- Flag of Virginia
- Active: 19 April 1861 – 4 October 1862
- Country: Confederate States of America
- Branch: Confederate States Army
- Type: Artillery
- Size: Battery of four field guns
- Nicknames: Henry A. Wise Artillery, Alburtis' Battery, Brown's Battery
- Engagements: American Civil War First Battle of Manassas; Peninsula Campaign Seven Days Battles Battle of Gaines's Mill; ; ; Second Battle of Manassas; Battle of Harpers Ferry; Battle of Antietam;

Commanders
- Notable commanders: Ephraim G. Alburtis James S. Brown

= Wise Artillery =

Confederate States army unit

The Wise Artillery was an artillery unit with the Confederate States Army during the American Civil War.

This unit was distinct from the Wise Legion Artillery which was a battalion formed in the Kanawha Valley in 1861 as part of Brig. Gen. Henry A. Wise's brigade.

Cpt. Ephraim G. Alburtis organized the company in Berkeley County, Virginia, in 1859 in response to John Brown's raid on Harper's Ferry. It was named after then-governor of Virginia, Henry A. Wise. A group of men from this company are seen in a drawing of John Brown's execution as drawn by David Hunter Strother.

The battery was mustered into Confederate service on April 19, 1861 when it was entered as "Co. B" of the 1st Virginia Light Artillery Regiment. It became an independent battery in April of 1862. Many of the men enlisted from Berkeley County, but the battery also included many men from Jefferson, Orange and Frederick counties. It was armed with two 12-pound smoothbore cannon and two 6-pound smoothbore cannon.
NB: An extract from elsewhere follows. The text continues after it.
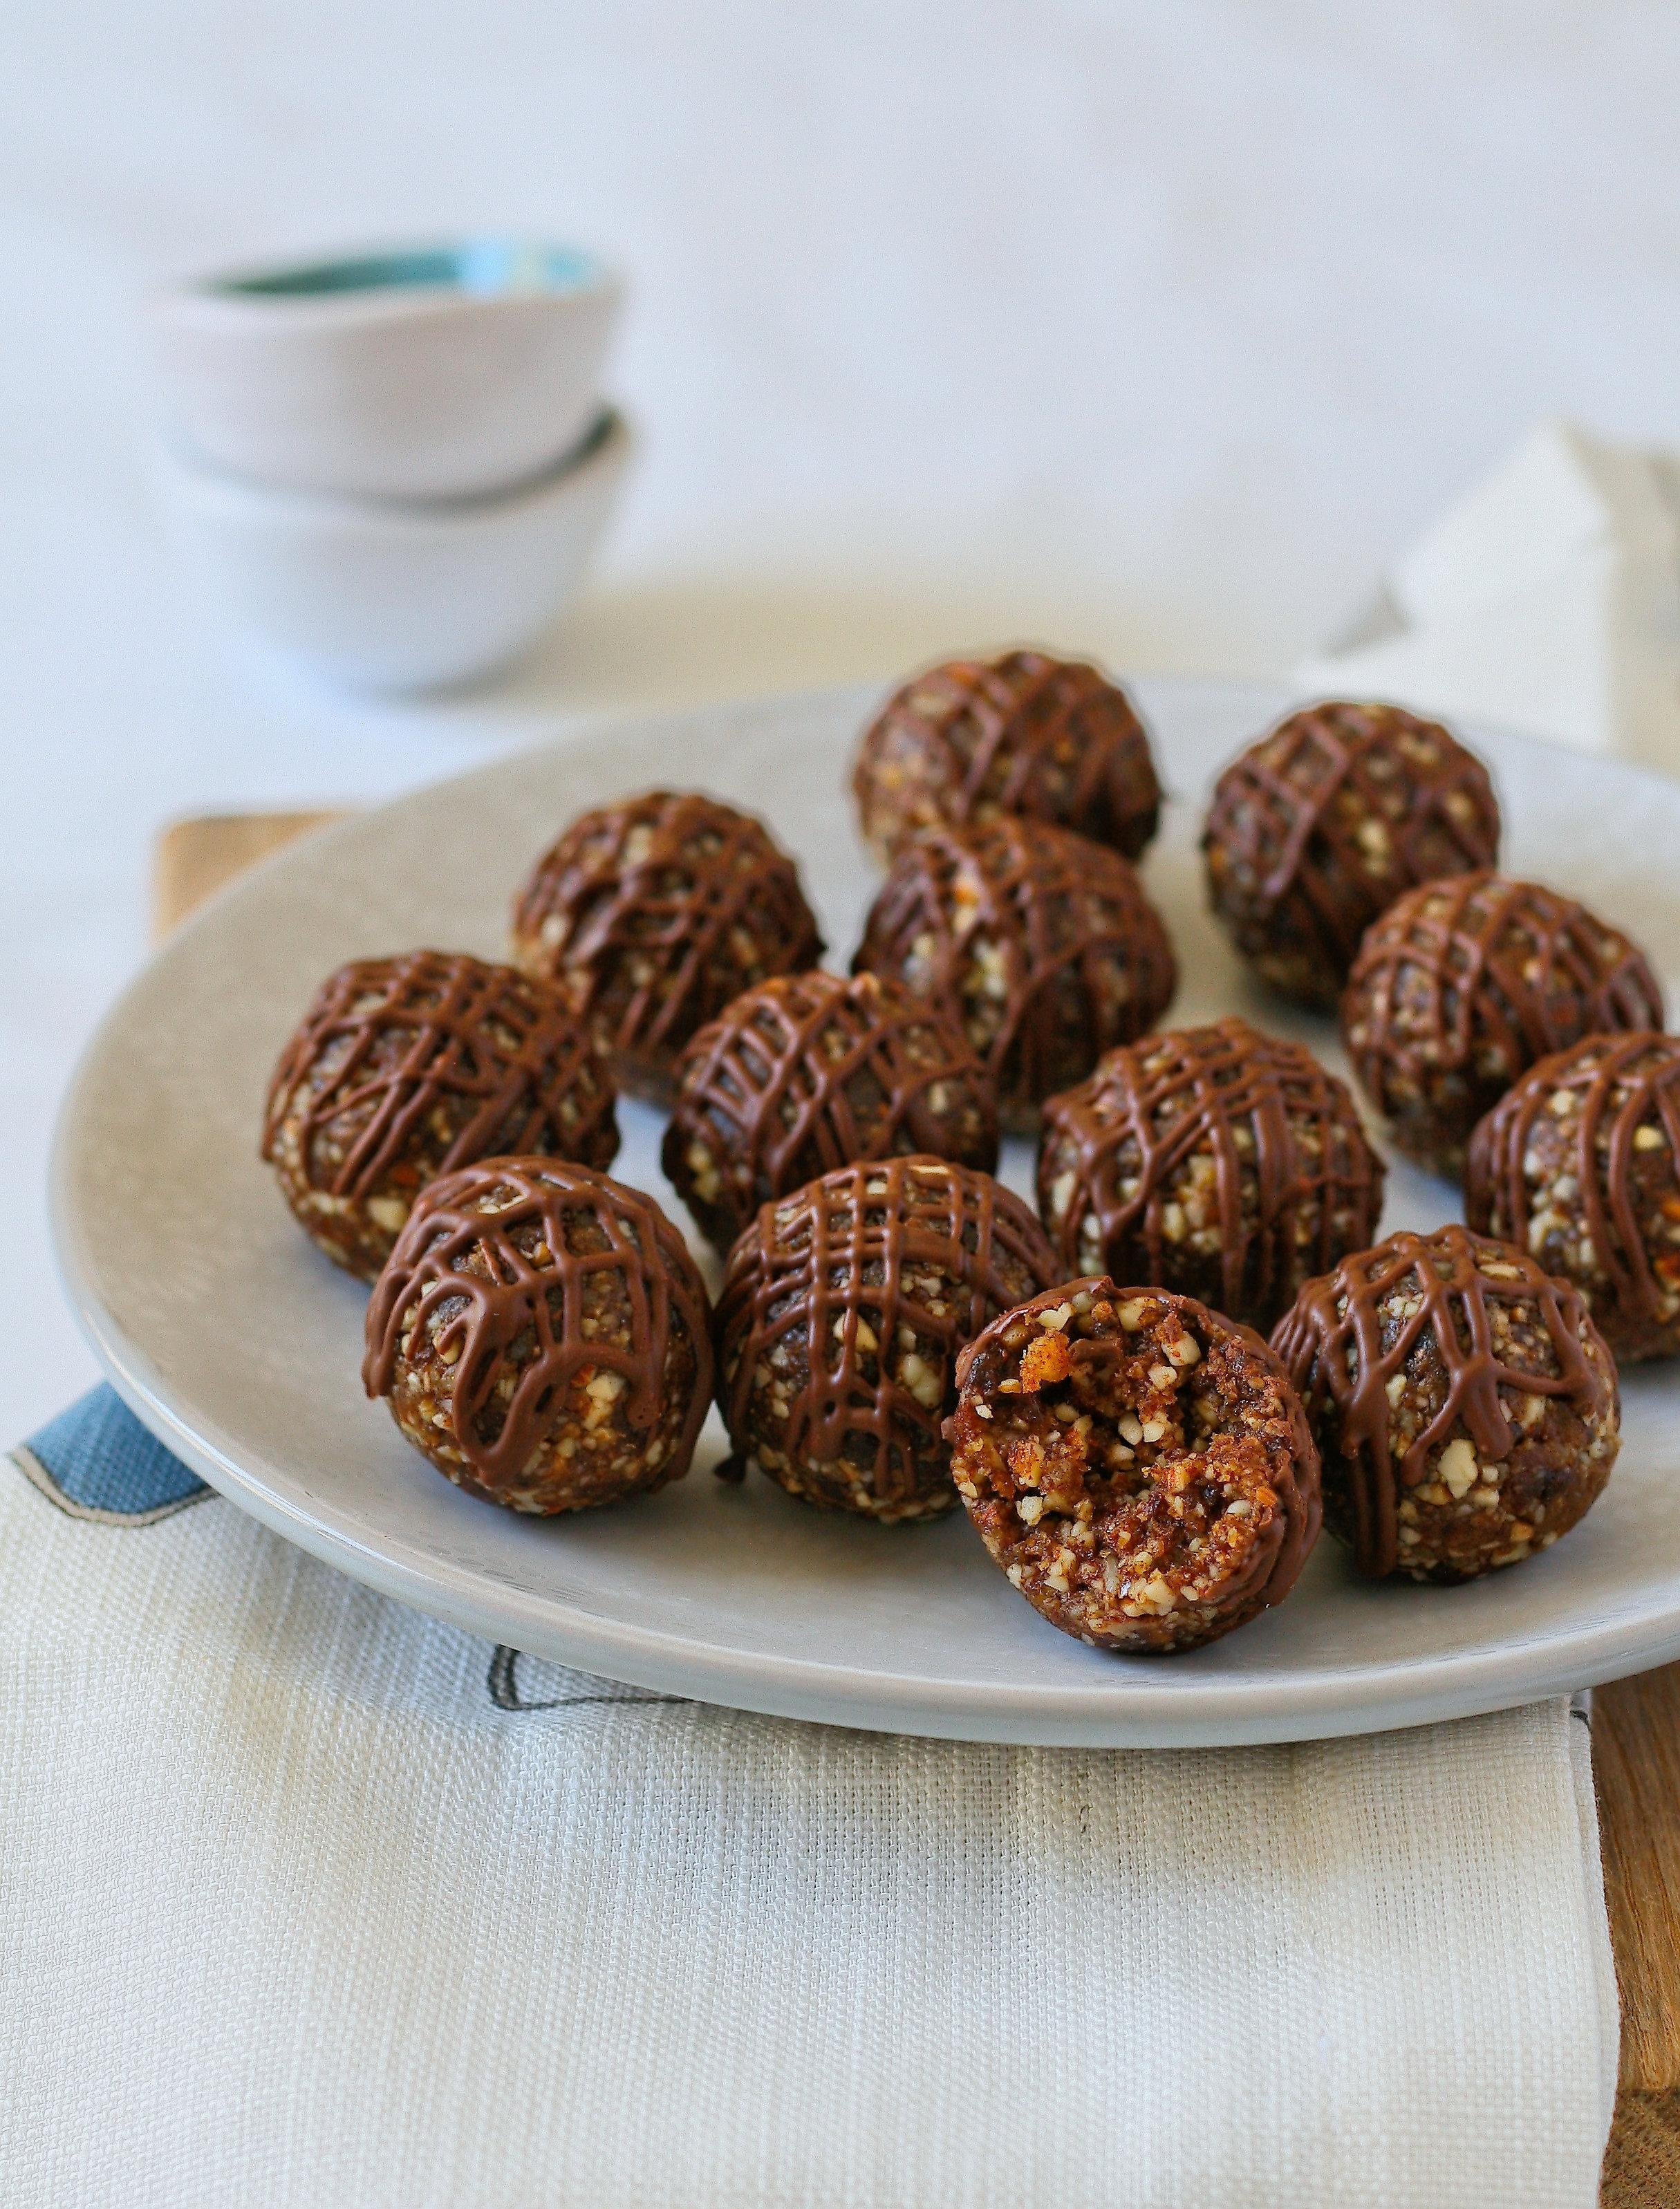 Date balls with dark chocolate

Lt. John Pelham was the drillmaster and artillery instructor for the unit, which he joined in June 1861. Their first engagement came at the First Battle of Manassas, where they supported Stonewall Jackson's brigade.

Col. Alburtis resigned in January 1862 due to ill health. 1st Lt. James Brown was elected captain and the battery became known under his name from January to October 1862. As such, they fought in the Seven Days Battles, the Peninsula campaign, Second Battle of Manassas and Antietam, where they repulsed a Union attack at Burnside Bridge.
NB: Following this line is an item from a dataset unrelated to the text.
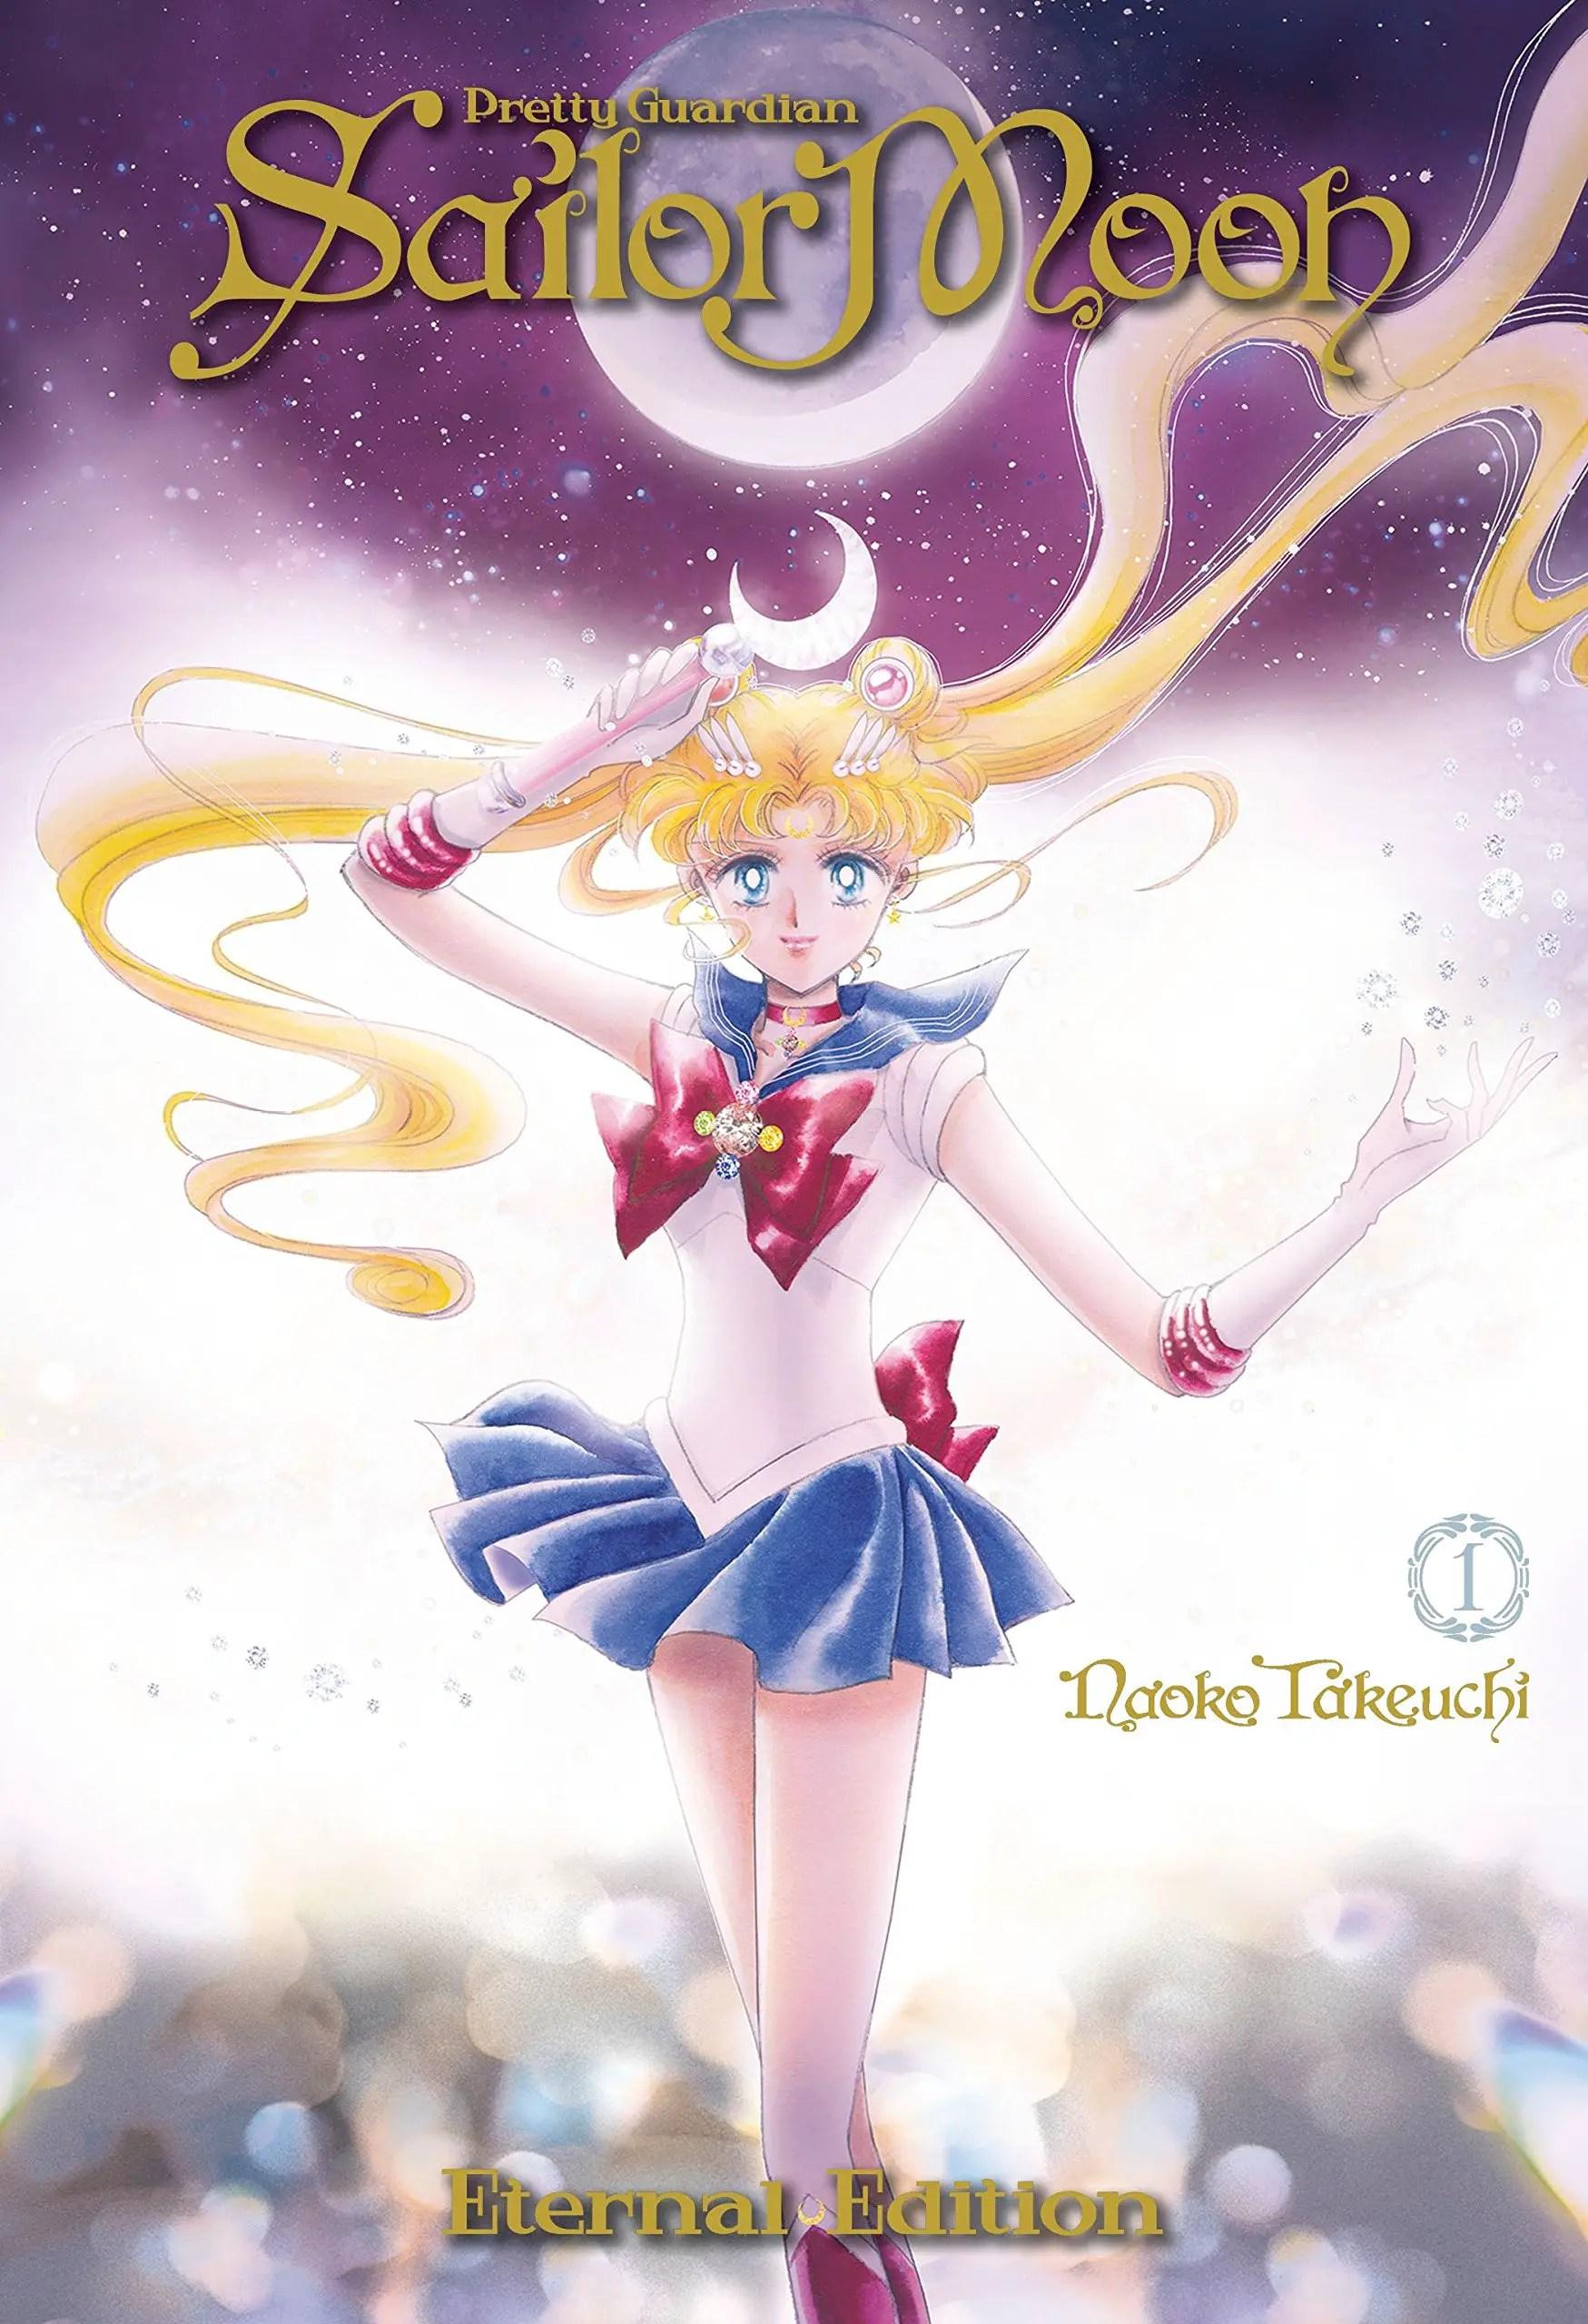 Sailor Moon Eternal Edition Vol. 1 Review

Wise Special Order #209 effectively ended the unit on Oct. 4, 1862. Capt. Brown had been severely injured at Antietam, and its effective strength was reduced to 48 men, half the strength they had been just four months previous to the Battle of Gaines Mill. Most of the men were reassigned to Eubank's/Taylor's Virginia Battalion or other units of Col. Stephen D. Lee's Battalion of Artillery.